Our platform records and organizes all necessary data including reporting requirements for pesticides, herbicides, fertilizers, and agricultural chemicals applied to cannabis plants and growing mediums.
Licensing for Arizona Operators
Arizona Cannabis License Types: What Operators Need to Know in 2026
Arizona's adult-use cannabis market operates under one of the most streamlined and most misunderstood licensing structures in the country. Unlike most states that issue separate licenses for cultivation, manufacturing, and retail, Arizona uses a single unified license type that authorizes all three functions under one entity. The Arizona Department of Health Services (ADHS) is the sole licensing and regulatory authority for all marijuana establishments and marijuana testing facilities in the state, operating under the framework established by Proposition 207, the Smart and Safe Arizona Act, passed by voters in November 2020 and codified in Arizona Revised Statutes (A.R.S.) Title 36, Chapter 28.2. Adult-use retail sales launched in January 2021, making Arizona one of the fastest states to move from legalization to commercial sales.

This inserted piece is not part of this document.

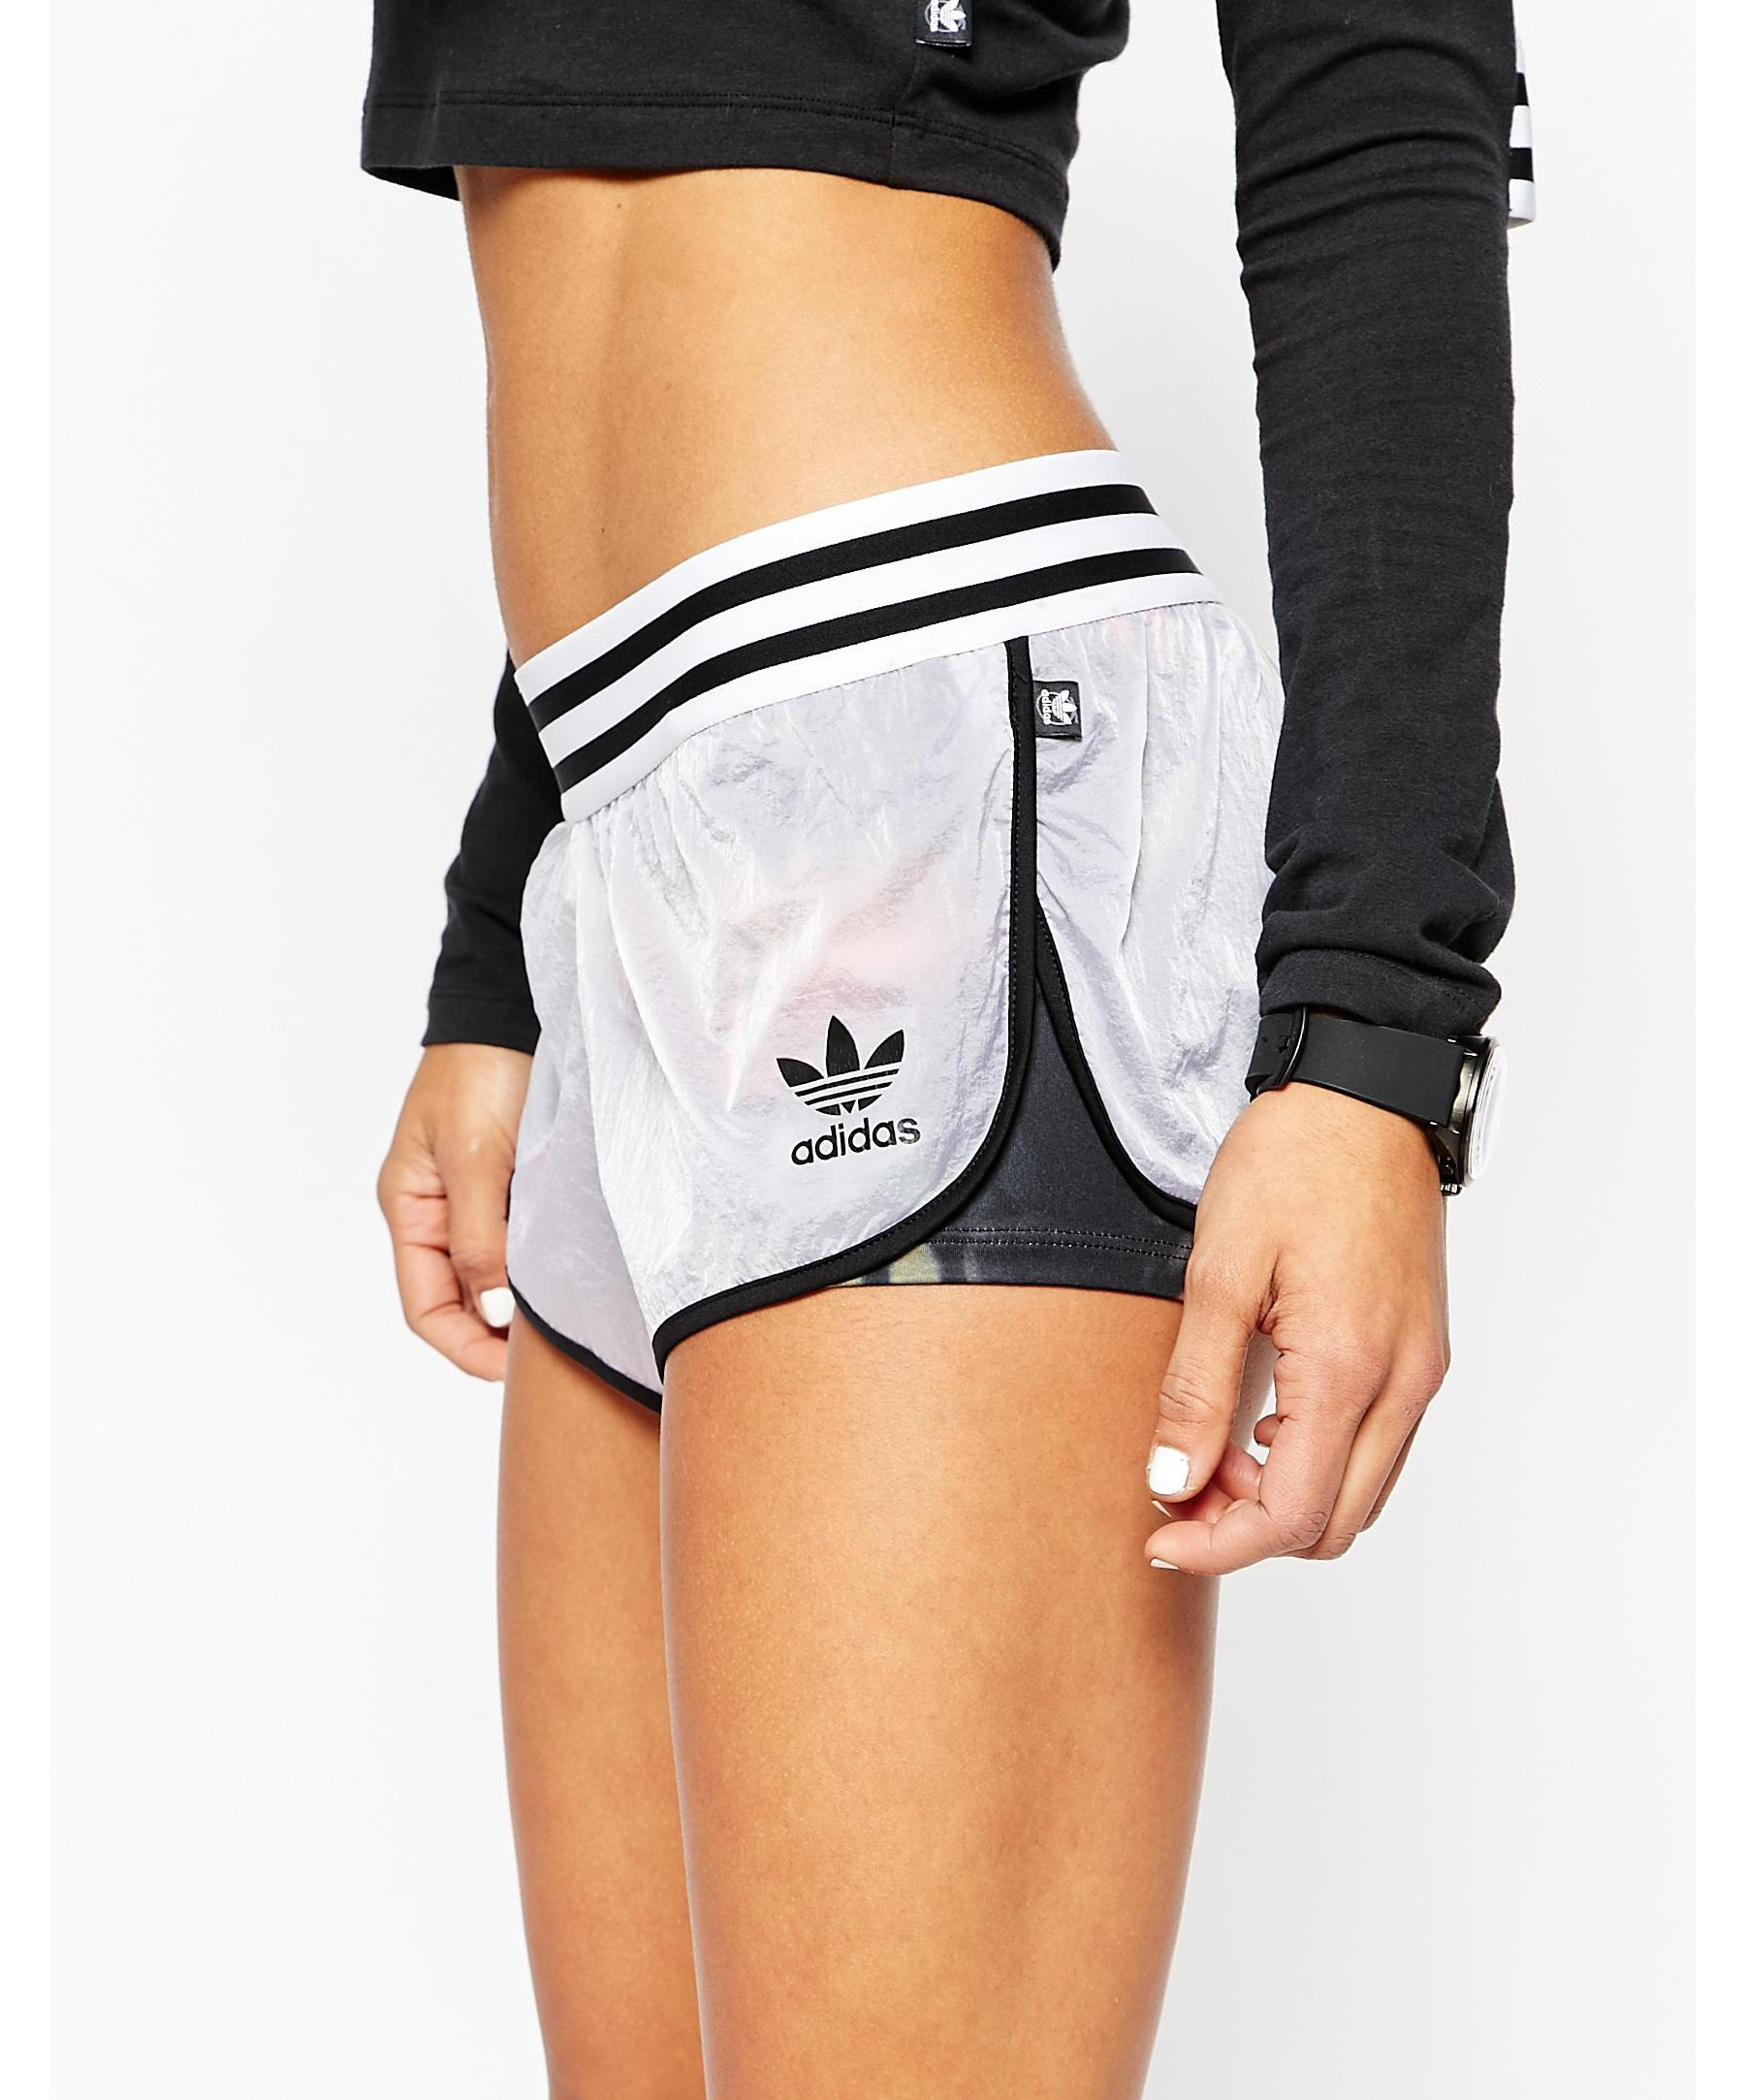 Adidas Originals Rita Ora Shorts In Sheer Layer Fabric

Arizona also maintains a longstanding medical marijuana program under Proposition 203 (2010), governed separately by A.R.S. Title 36, Chapter 28.1 and the associated rules in 9 A.A.C. 17. Medical dispensaries in Arizona operate as nonprofit entities a structural requirement that distinguishes Arizona's medical program from nearly every other state's. Adult-use businesses operate under 9 A.A.C. 18. As of February 2025, Arizona had 136 active medical marijuana dispensaries and 170 total marijuana establishments with 169 operating facilities statewide. The state's cannabis market generates significant revenue, with the 16% excise tax on adult-use sales confirmed by the Arizona Department of Revenue funding the Smart and Safe Arizona Fund in addition to state and local transaction privilege taxes (TPT).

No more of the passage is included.